(EXERCISE MATERIALS begins)

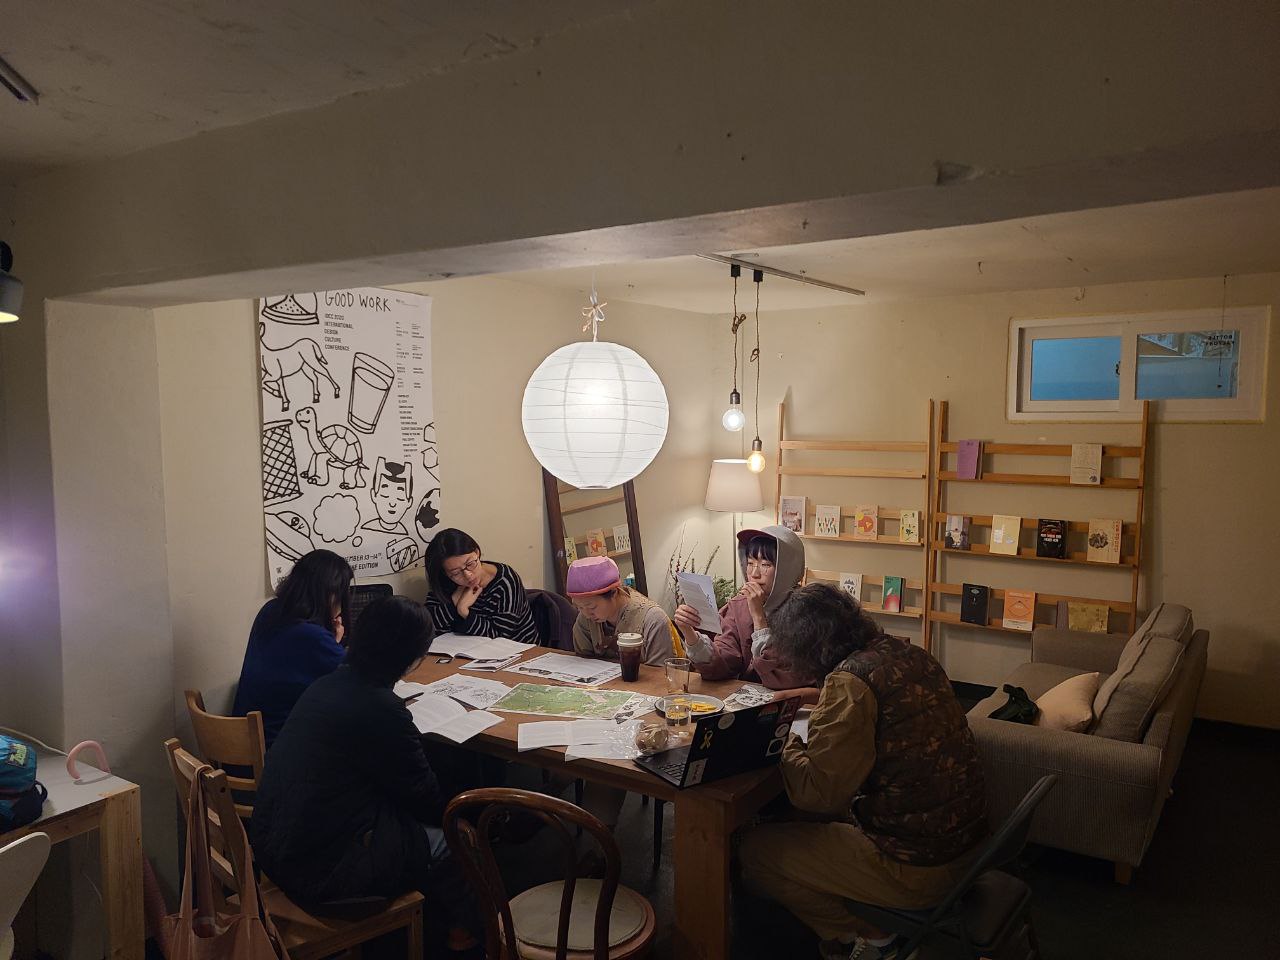  책장과 소파가 있는 실내에 6명의 사람들이 테이블에 둘러앉아 소책자를 보고 있다. 테이블 위에는 지도와 자료들이 놓여있다. 
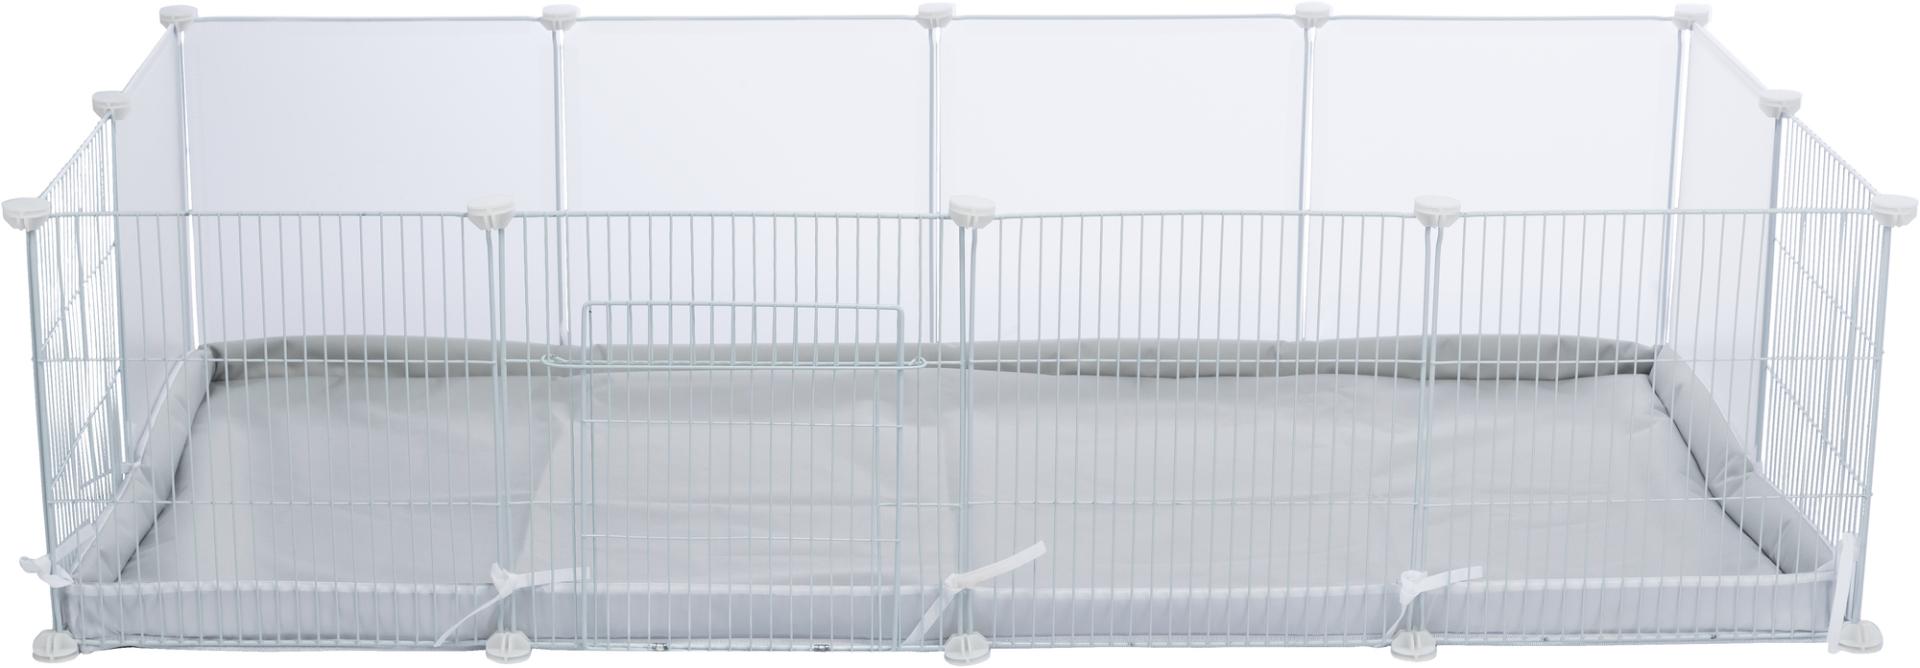 TRIXIE Boden für Indoor Freilaufgehege, Metall / Kunststoff, 140 x 35 x 70 cm, weiß; 140 x 70 cm, grau / weiß
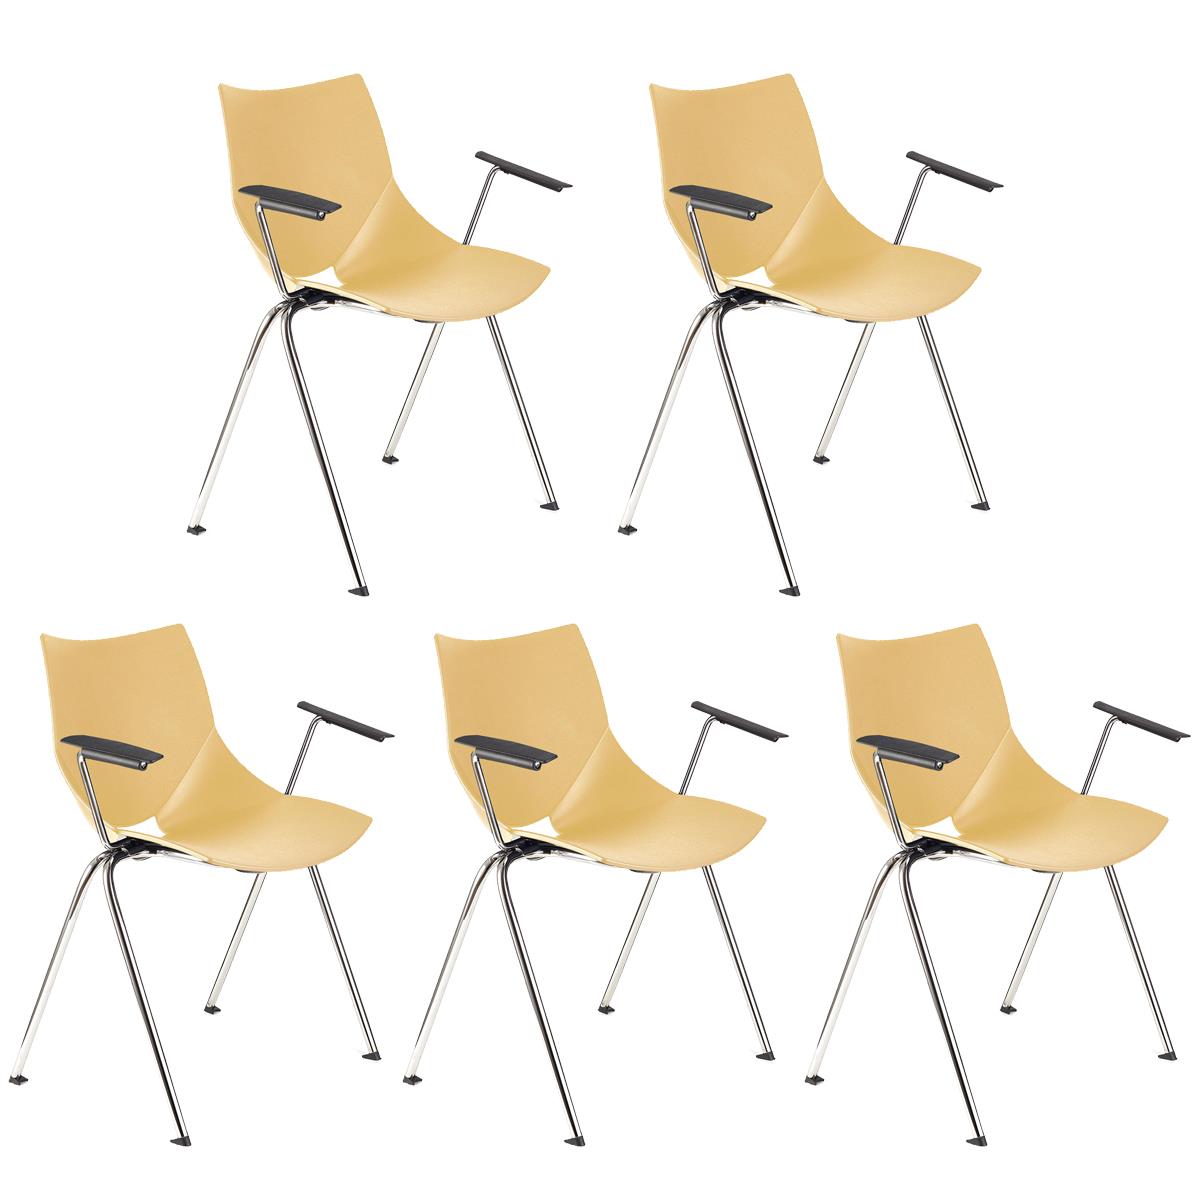 Lote 5 Cadeiras de Visita AMIR COM BRAÇOS, Confortável e Empilhável, Cor Creme
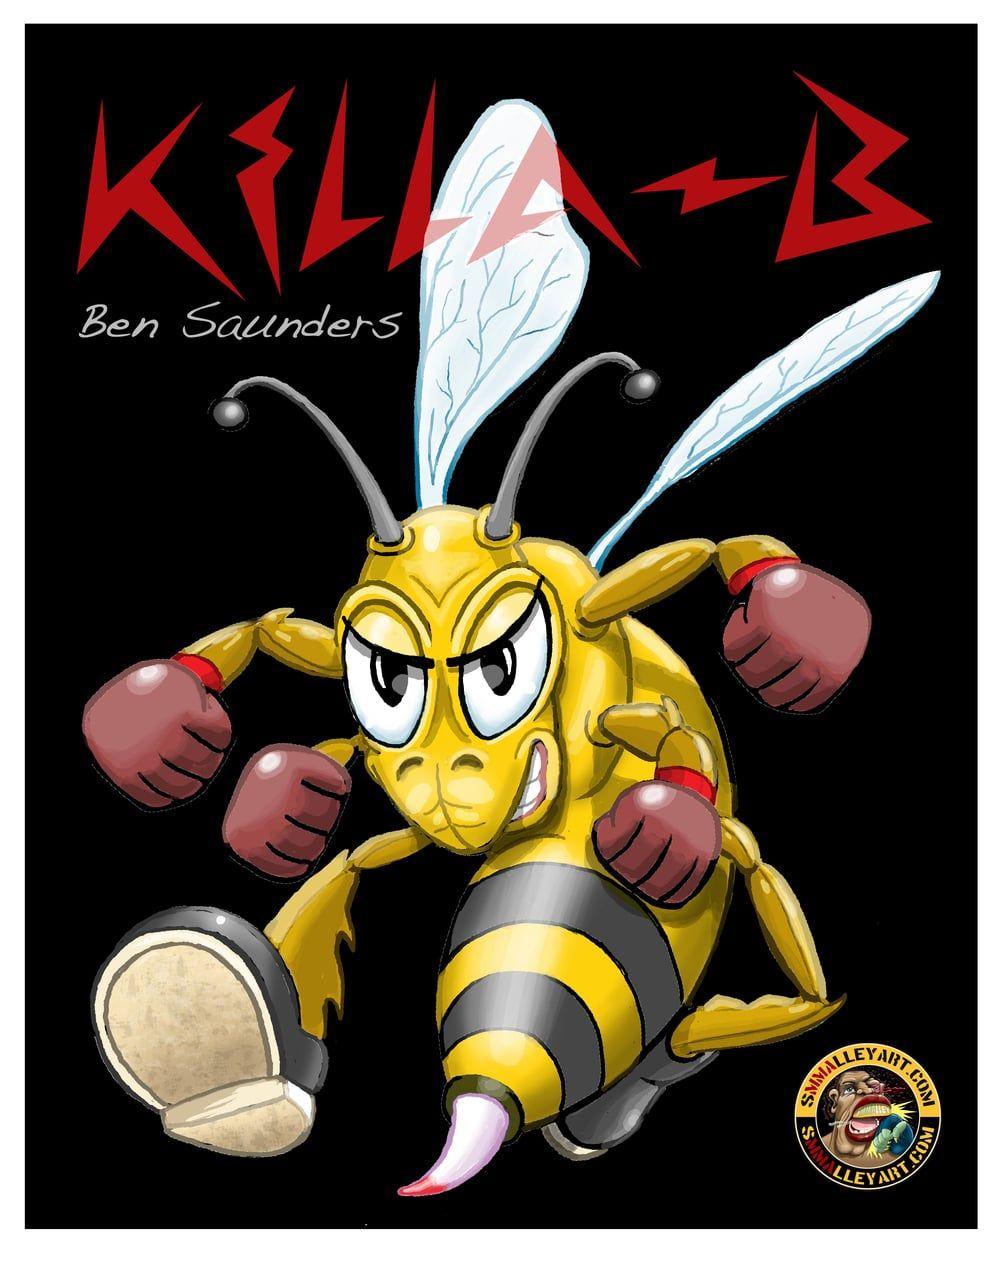 Killa B Logo - Ben Killa B Saunders
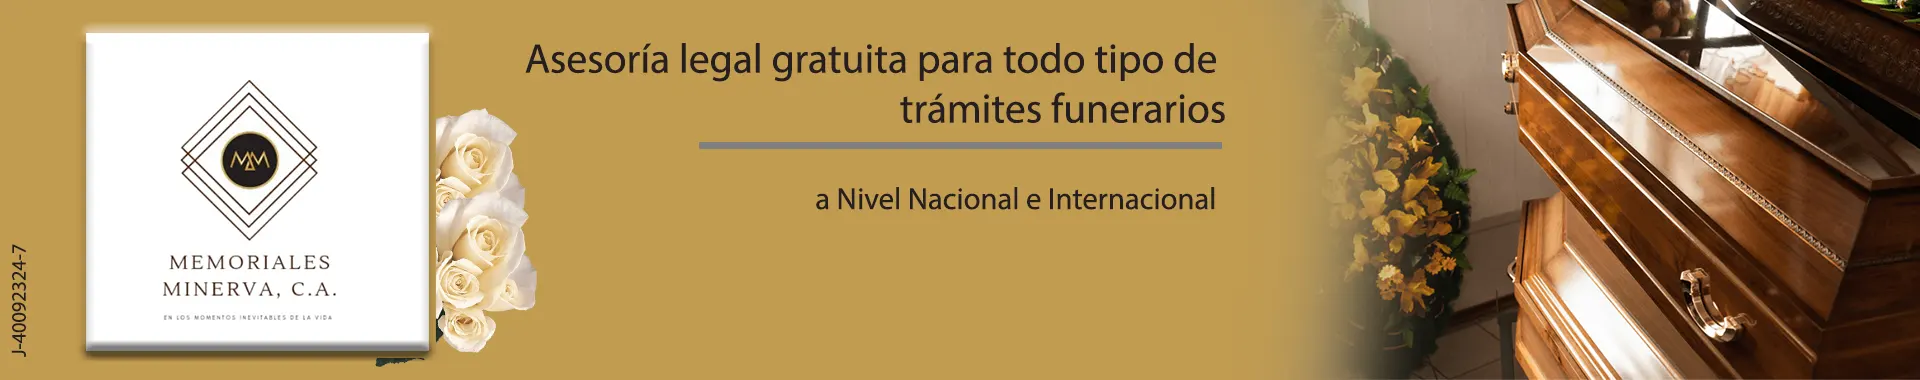 Imagen 5 del perfil de Cremaciones y Exequias Memoriales Minerva

(EXERCISE MATERIALS ends)

Omit the pictures. Write out exactly the lines from the one containing "TRIXIE Boden für" through the last line of the entries, both of them included.

SOLUTION FOR THIS PROBLEM:
 TRIXIE Boden für Indoor Freilaufgehege, Metall / Kunststoff, 140 x 35 x 70 cm, weiß; 140 x 70 cm, grau / weiß
 Lote 5 Cadeiras de Visita AMIR COM BRAÇOS, Confortável e Empilhável, Cor Creme
 Killa B Logo - Ben Killa B Saunders
 Imagen 5 del perfil de Cremaciones y Exequias Memoriales Minerva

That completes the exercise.